◆ Directions for this task ◆
Write the listing out again word for word, leaving each picture behind.

◆ Supplied data ◆
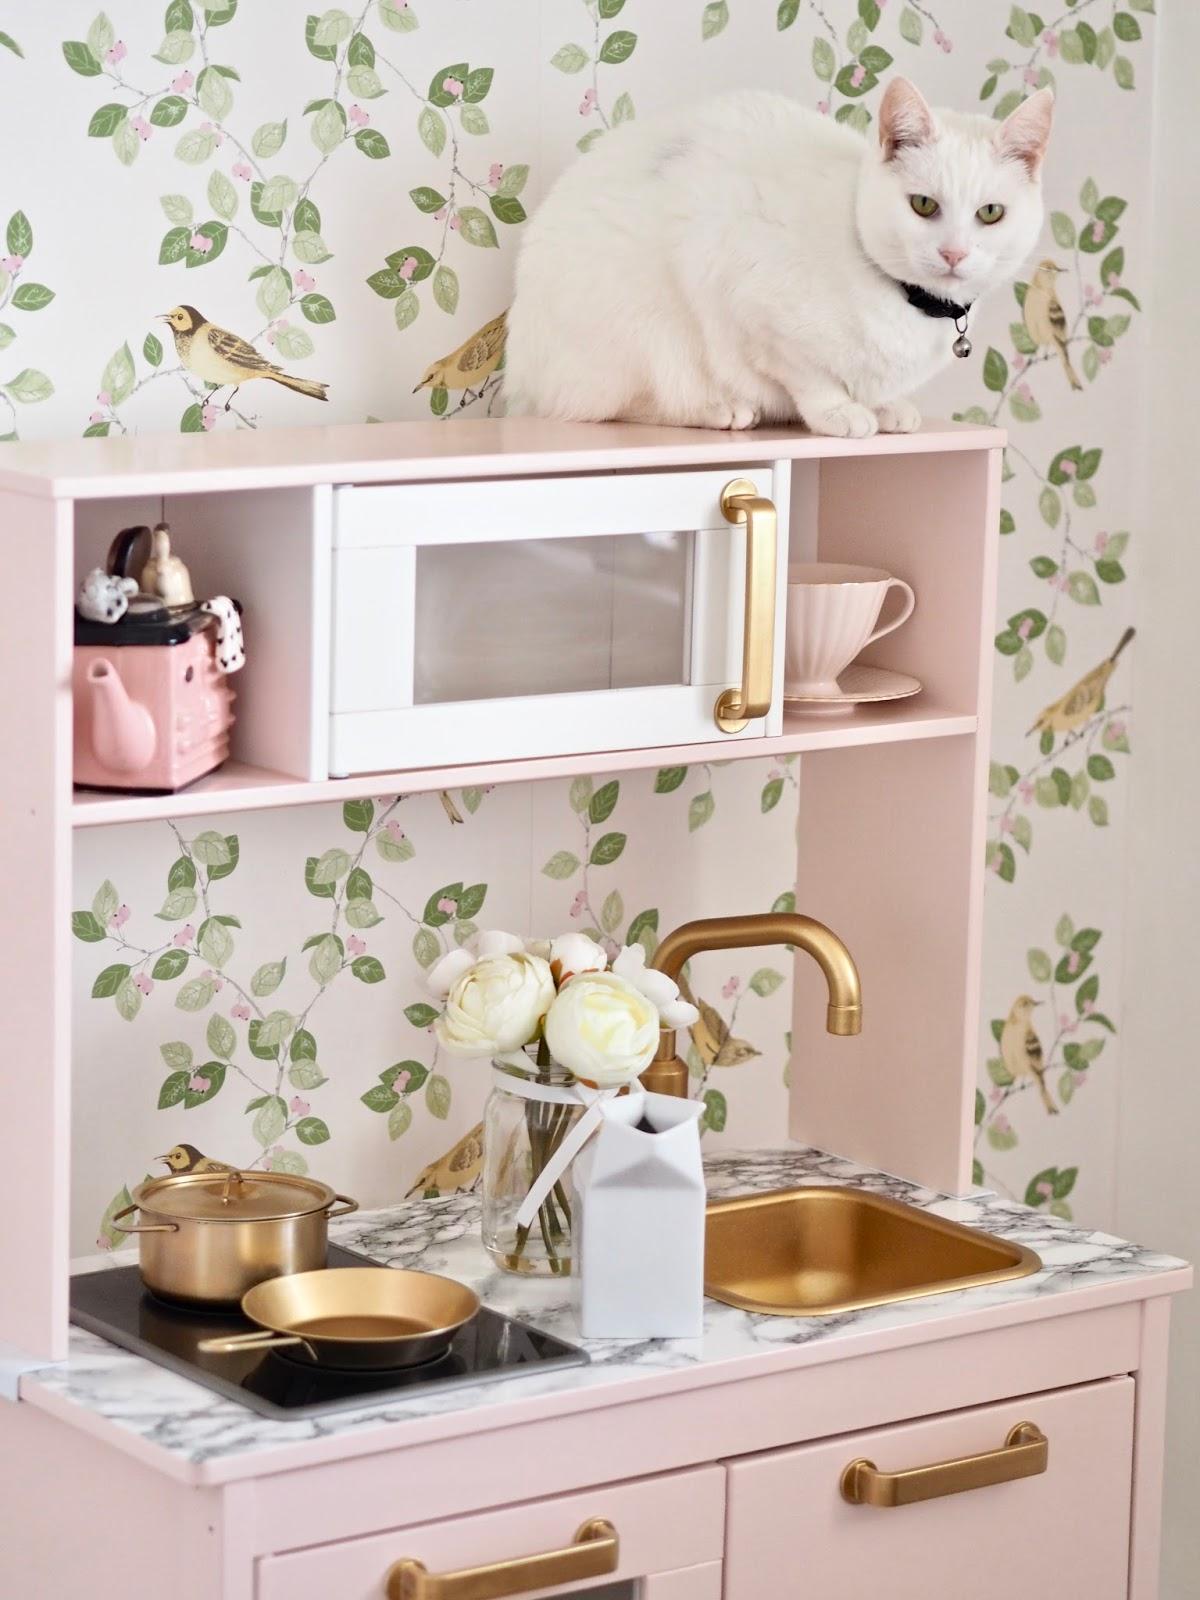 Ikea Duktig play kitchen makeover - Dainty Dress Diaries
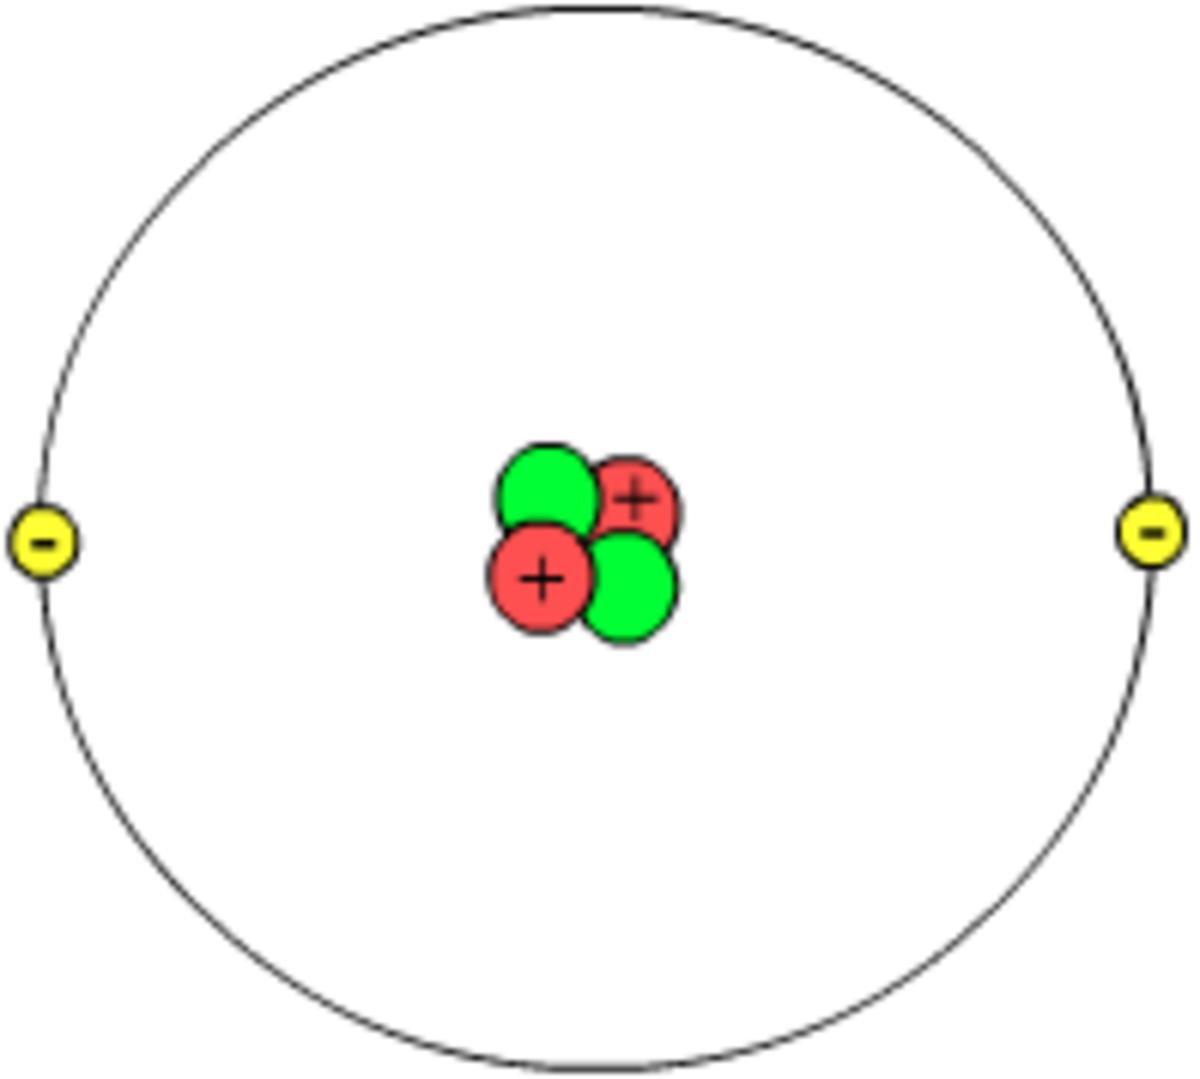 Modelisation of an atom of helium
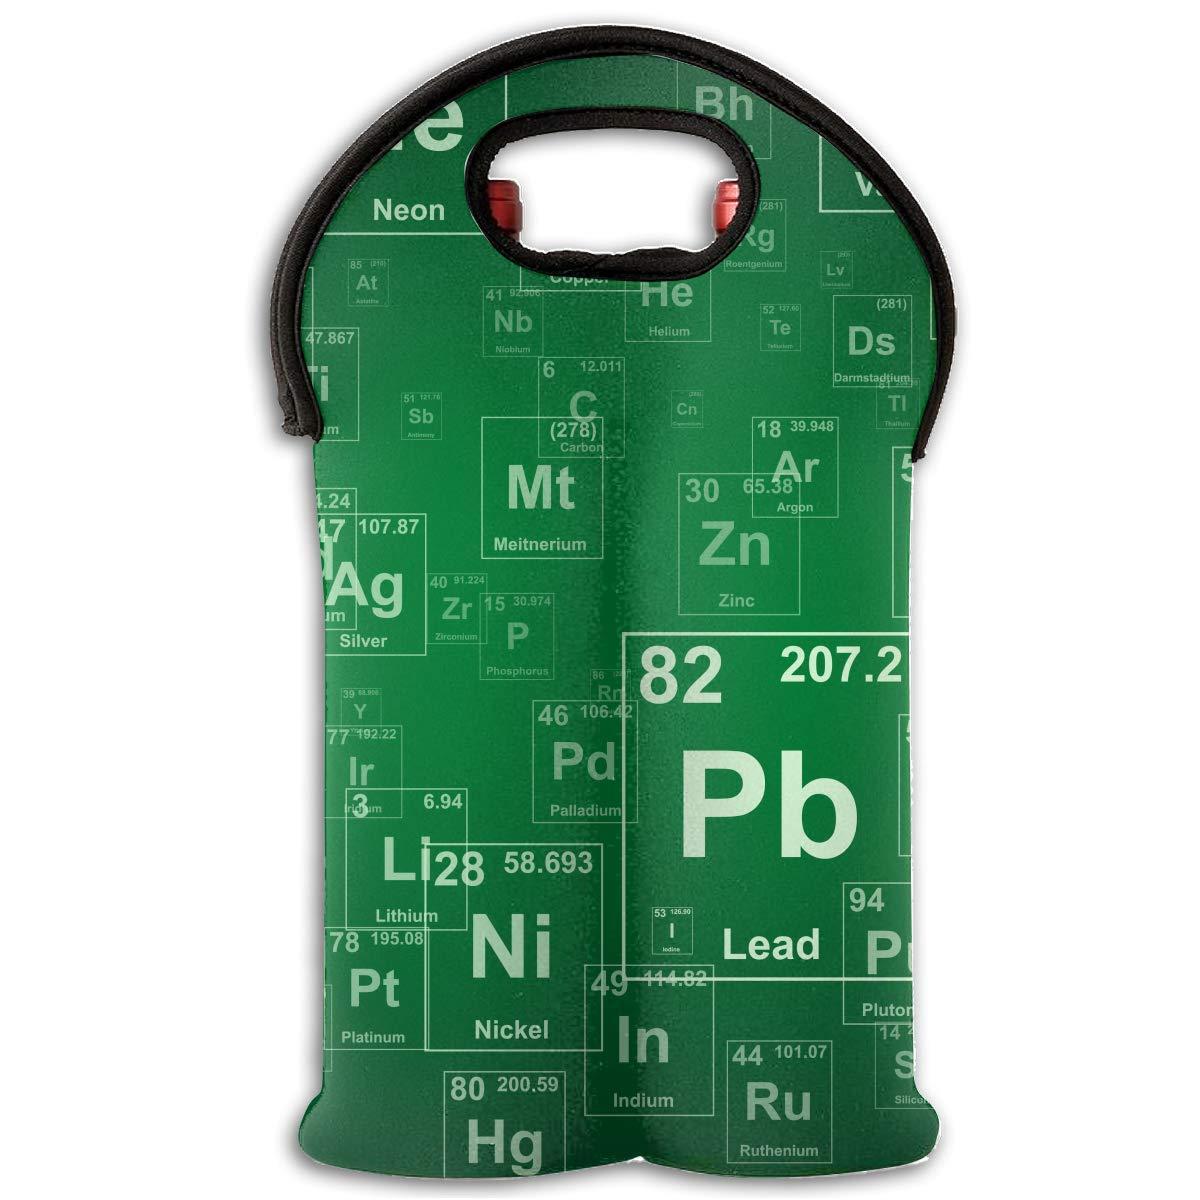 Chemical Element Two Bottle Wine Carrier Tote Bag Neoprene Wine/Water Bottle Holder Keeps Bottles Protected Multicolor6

◆ Solution to the problem ◆
 Ikea Duktig play kitchen makeover - Dainty Dress Diaries
 Modelisation of an atom of helium
 Chemical Element Two Bottle Wine Carrier Tote Bag Neoprene Wine/Water Bottle Holder Keeps Bottles Protected Multicolor6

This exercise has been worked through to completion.